It has to be shown that 3^(2n+2)-8n-9 is divisible by 8 for all natural values of n.

First, consider the value of 3^(2n+2)-8n-9 for n = 1, it is 3^(2+2)-8-9 = 81 - 17 = 64

Now assume 3^(2n+2)-8n-9 is divisible by 8 for a value of n. With this assumption we test whether 3^(2n+2)-8n-9 is divisible by 8 for n = n+1

3^(2(n+1)+2)-8(n+1)-9

= 3^(2n+2+2)-8n- 8-9

= 3^(2n+2)*9 - 8n - 9 - 8

= 3^(2n+2) - 8n - 9 + 3^(2n+2)*8 - 8n - 8

= 3^(2n+2) - 8n - 9 + 8*(3^(2n+2) - n - 1)

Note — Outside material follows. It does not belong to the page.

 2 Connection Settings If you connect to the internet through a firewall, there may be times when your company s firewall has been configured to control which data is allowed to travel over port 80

This is clearly divisible by 8 as we have assumed 3^(2n+2) - 8n - 9 is divisible by 8 and 8*(3^(2n+2) - n - 1) has 8 as a factor.

This proves that 3^(2n+2)-8n-9 is divisible by 8 for all natural values of n

Prove 3^(2n+2)-8n-9 is divisible by 8 for all natural numbers. We prove it by method of mathematical induction.

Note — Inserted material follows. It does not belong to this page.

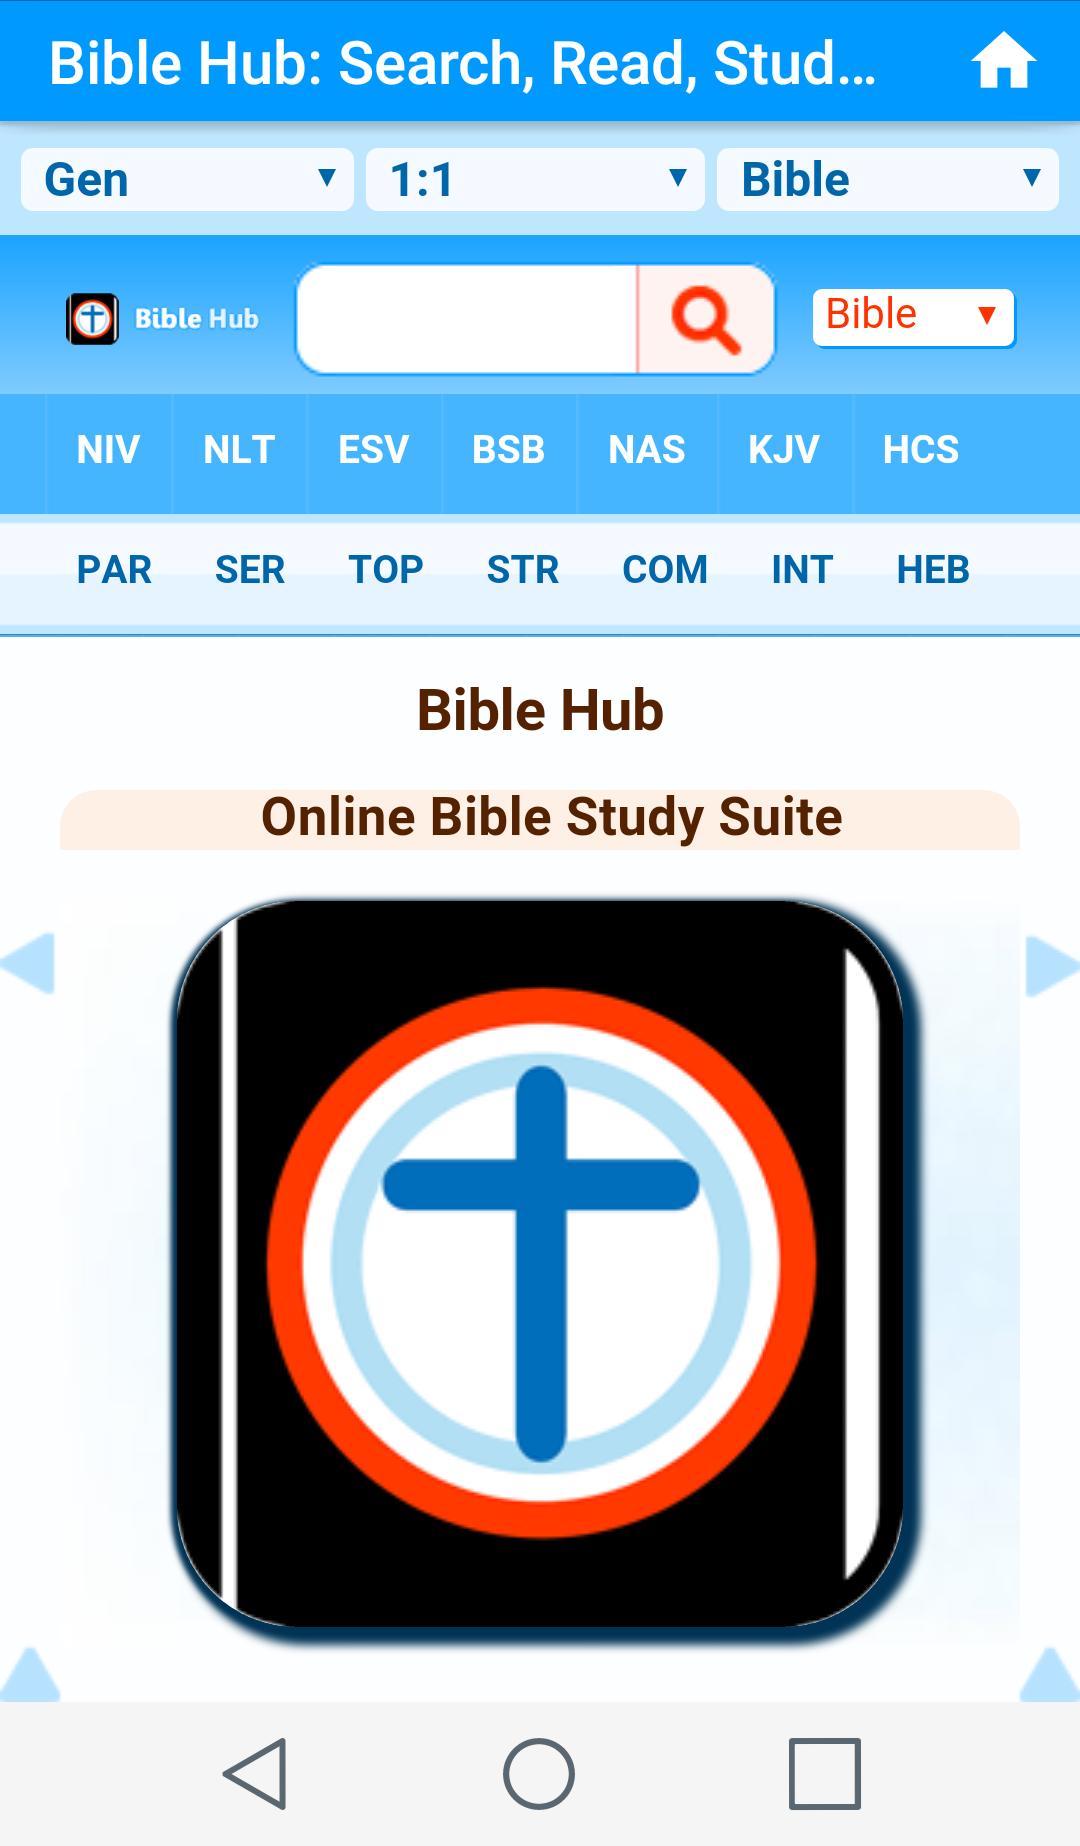 Bible Hub for Android - APK Download

Define statement `P(n):3^(2n+2)-8n-9` is divisible by 8.

P(1): `3^(2xx1+2)-8xx1-9=64/8=8`

Thus P(1) is true. Let P(n) is true for n=k.

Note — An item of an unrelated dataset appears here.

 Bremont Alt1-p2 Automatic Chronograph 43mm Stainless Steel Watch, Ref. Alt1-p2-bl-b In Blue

`P(k):3^(2k+2)-8k-9` is divisible by 8.

`3^(2k+2)-8k-9=8m` (say)

We wish to prove

P(k+1) is true whenever P(k) is true.

`P(k+1):3^(2(k+1)+2)-8(k+1)-9`

`=3^(2k+2+2)-8(k+1)-9`

`=3^2xx3^(2k+2)-8k-8-9`

`=9xx3^(2k+2)-72k+64k-9-8`

`=9(3^(2k+2)-8k-9)+64k+72-8`

`=9(8m)+64(k+1)`

and 72m and 64(k+1) are divisible by 8 because 72 and 64 are divisible by 8.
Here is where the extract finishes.